BY WATCHING ADAMS STAFF – 4/6/18
After being placed on administrative leave on February 12th, 2018, former Adams State University (ASU) president Dr. Beverlee McClure tendered her resignation effective March 31st.
While many news outlets reported that McClure was removed from office due to her October 2016 Halloween costume in which she dressed as a plumber by wearing a fat suit with rotting teeth, the university maintains that McClure was removed “after determining that there was a lack of congruence between the priorities of Dr. McClure and those of the Board of Trustees.”
Watching Adams wrote at length about McClure’s legacy as one of “personnel controversies, self-inflicted public relations mistakes, mounting financial problems, decreased student enrollment, high employee turnover, and an erosion of campus morale.”
As part of her settlement agreement, McClure and her attorneys will receive a sum of $250,000. McClure will also receive a 2015 Jeep and a university laptop used during McClure’s tenure as president. McClure was represented by the Denver-based law firm King & Greisen, LLP. The University was represented by the Colorado Attorney General’s Office.

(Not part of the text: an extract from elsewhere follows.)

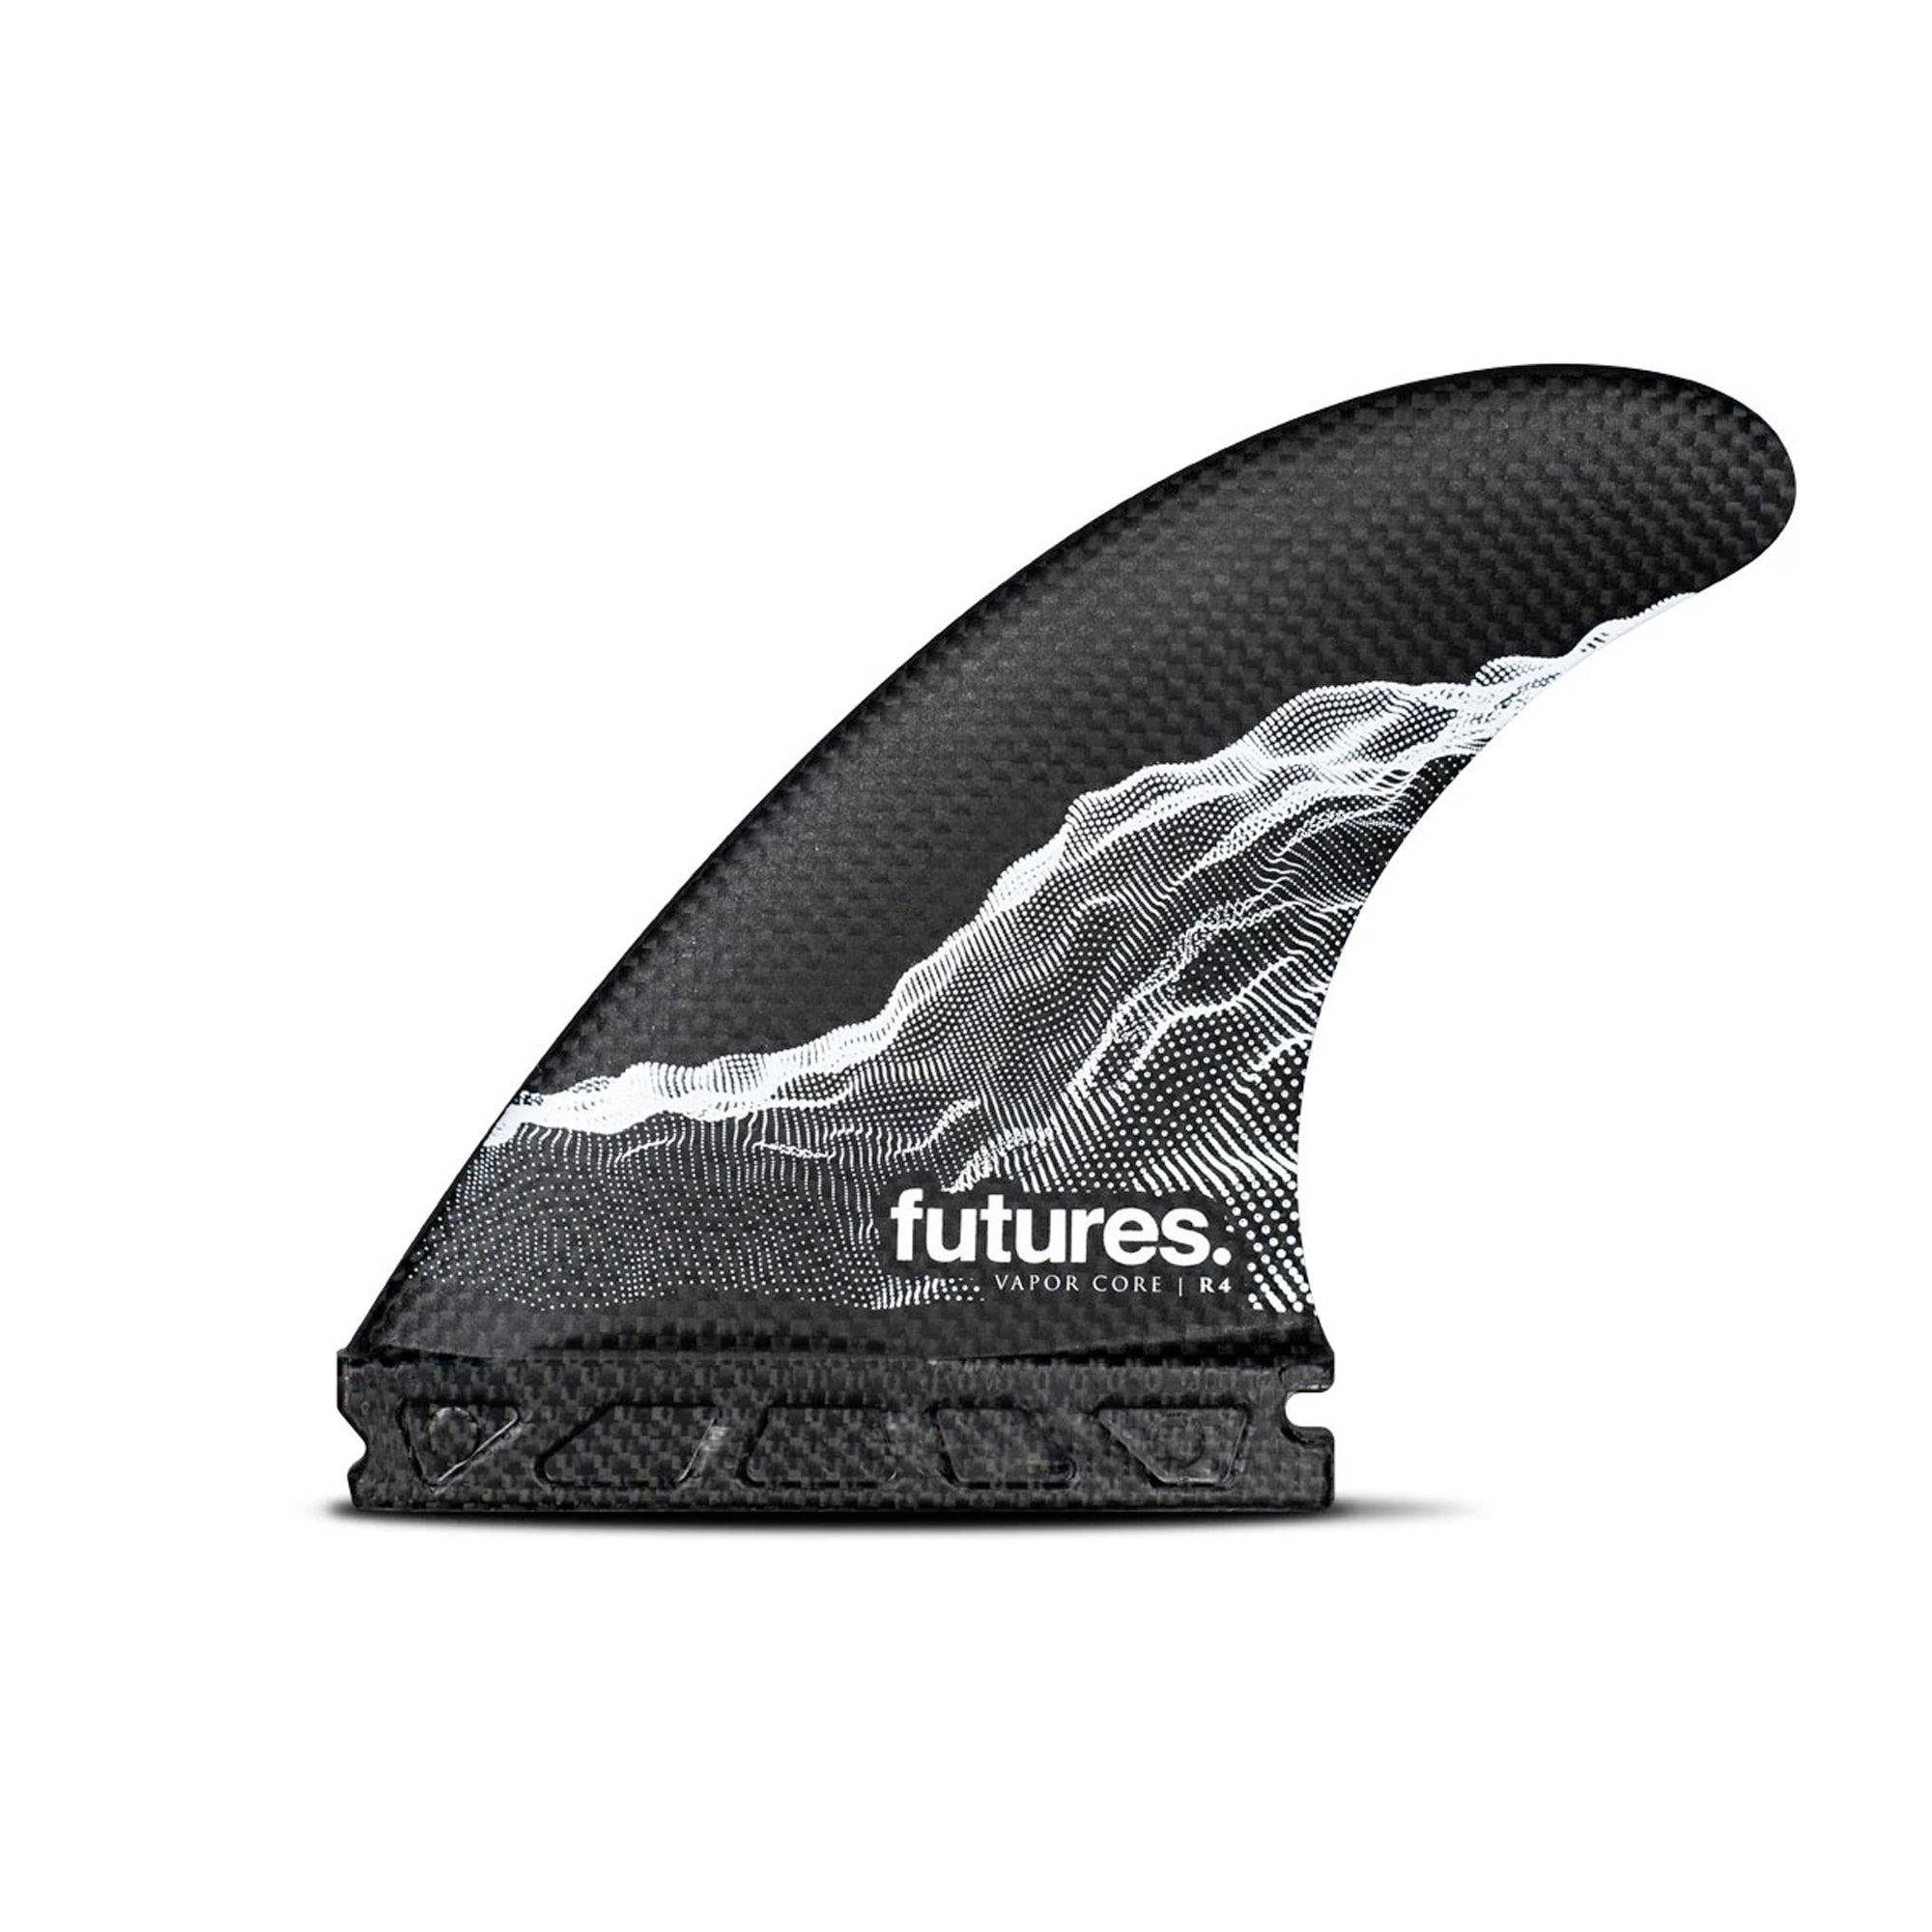 Futures R4 Vapor Core Thruster Fin Set - Small

McCLURE’S COSTLY PRESIDENCY
McClure’s tumultuous tenure as president has been called, among other things, Superstorm Beverlee – leaving a wake of financial and staffing destruction at ASU in her wake.
Many ASU employees maintain that McClure cultivated a culture of bullying and intimidation during her time in office.

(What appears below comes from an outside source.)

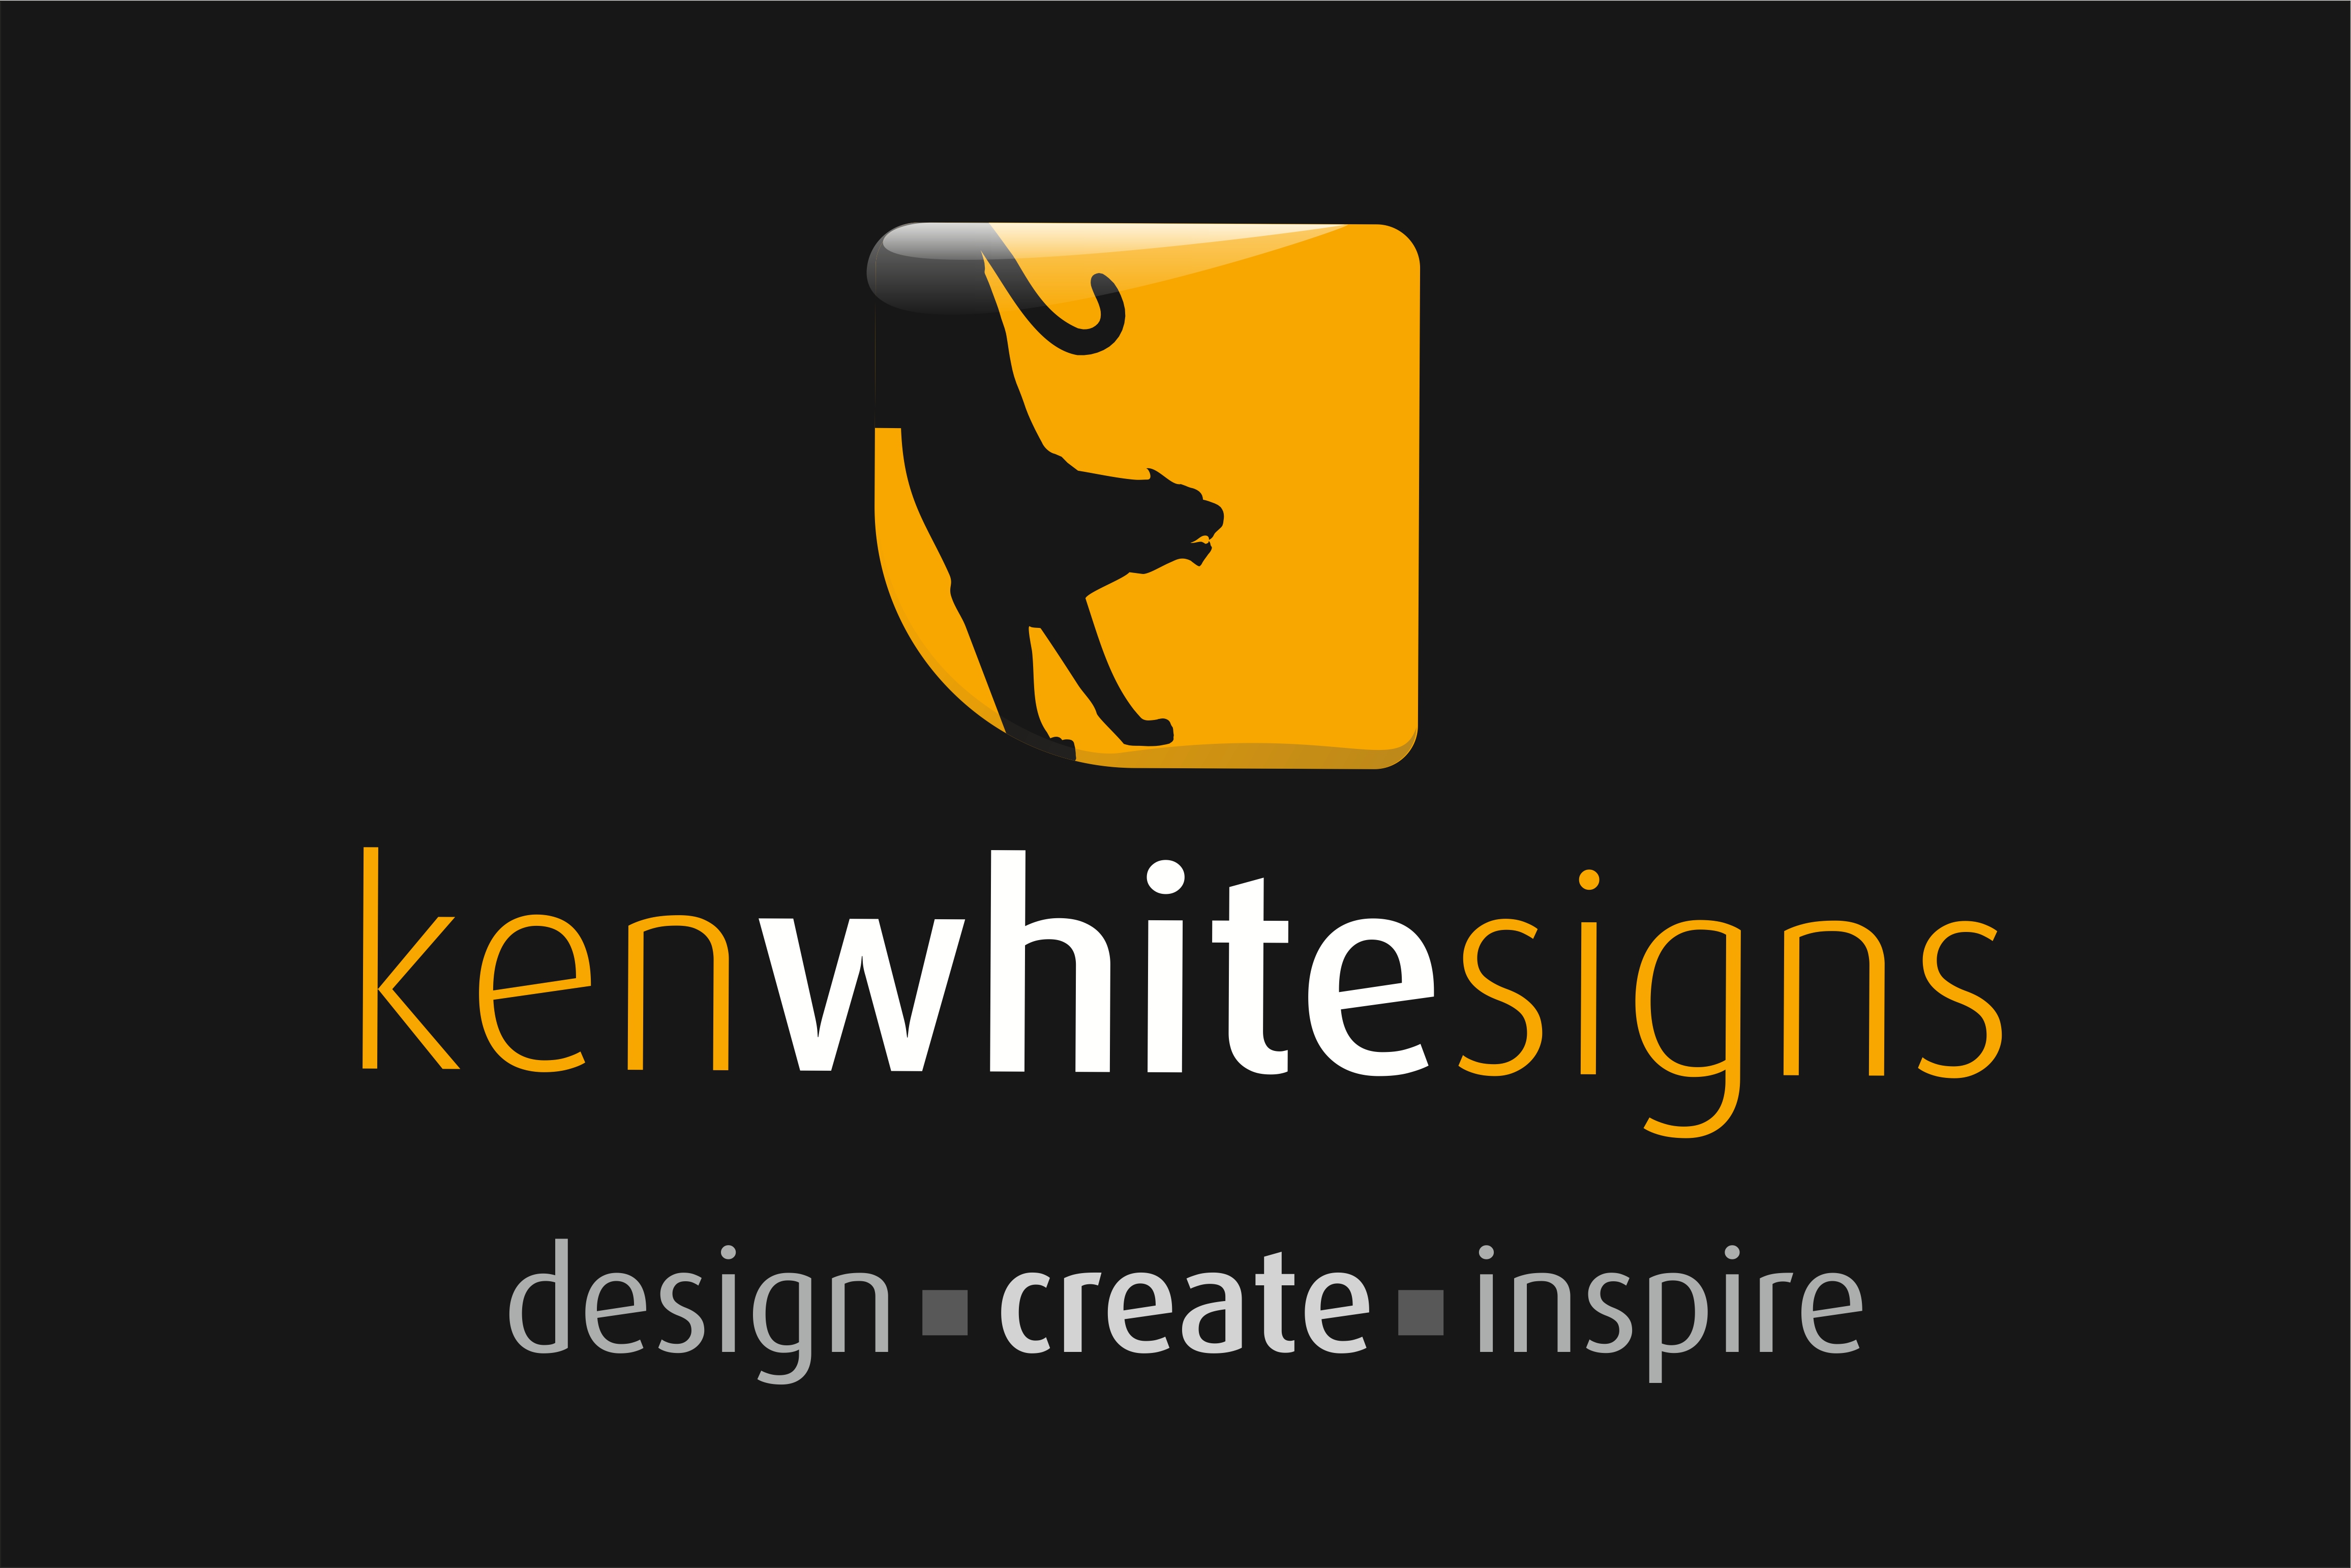 Ken White Signs Ltd

One ASU employee was quoted in the Denver Post as stating McClure is “incompetent to lead a university. … Her people skills are awful because she is vindictive, hyper-sensitive to criticism, and just plain mean. She mocks people less fortunate than herself, like a waitperson with a stutter.”
A former faculty member who was banned from campus but successfully lifted the ban after a lawsuit was filed by the ACLU also told the Denver Post, “She has unquestionably left the university in much worse condition than she found it; now many of my colleagues at ASU are being terminated due to dire financial conditions and ongoing declines in enrollment.”

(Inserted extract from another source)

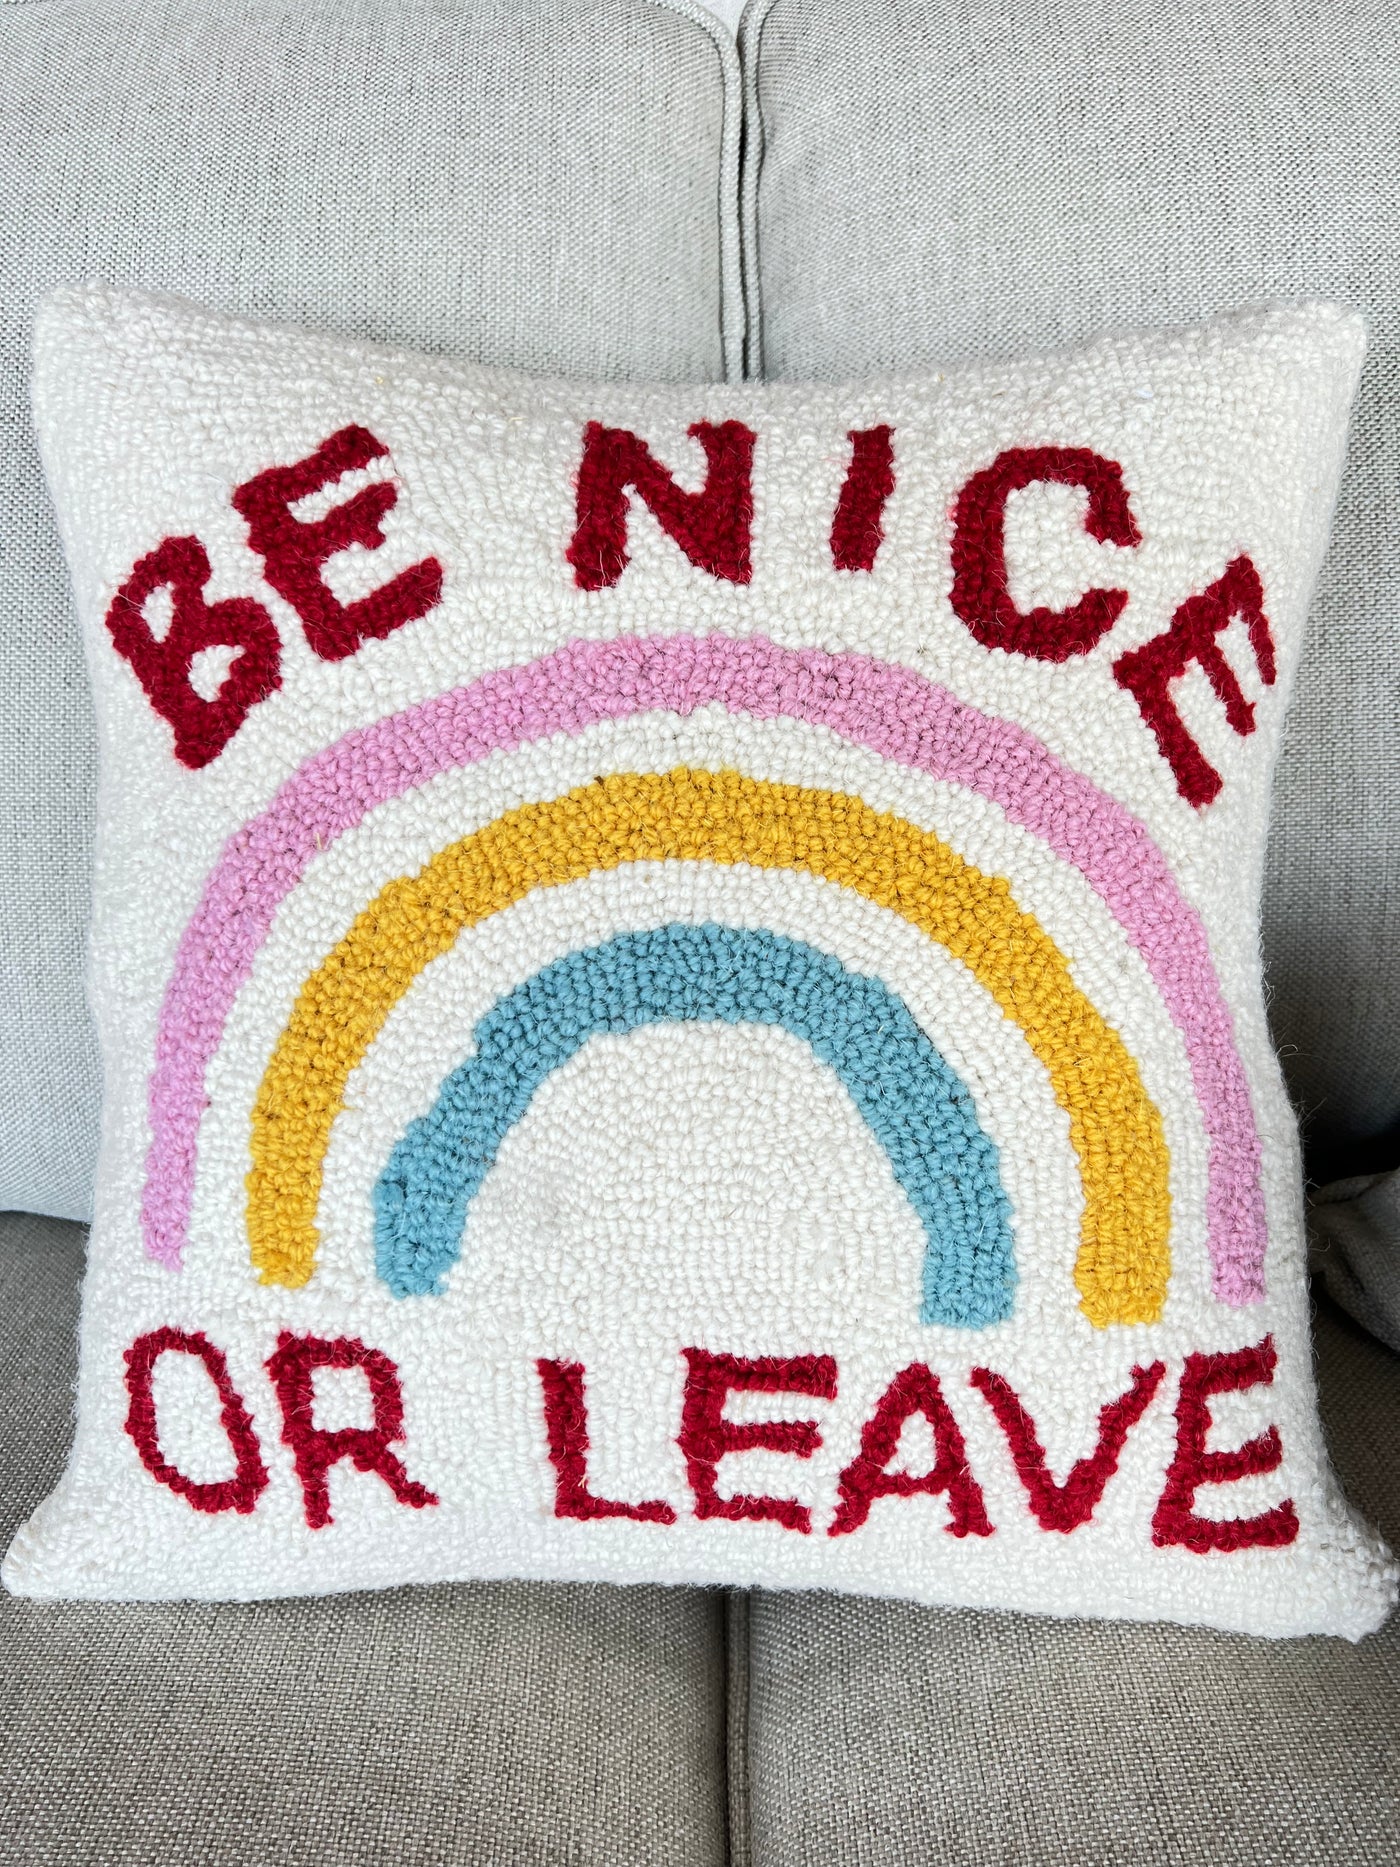 Be Nice pillow

One former ASU employee reacted to the news of McClure’s settlement agreement with, “Wow. $250k, a $40-50k car, and a laptop. I’d say McClure made out handily on this deal. I’m sure the Board was simply glad to get rid of her. You could pay an assistant professor nearly 7.5 years for the same amount of money! What a con artist.”
Another person familiar with these circumstances stated, “I hear through the grapevine at University of New Mexico in Albuquerque that she has been applying for every position advertised from Dean to Director of this, that and the other. My source on the inside says NOBODY will hire her.”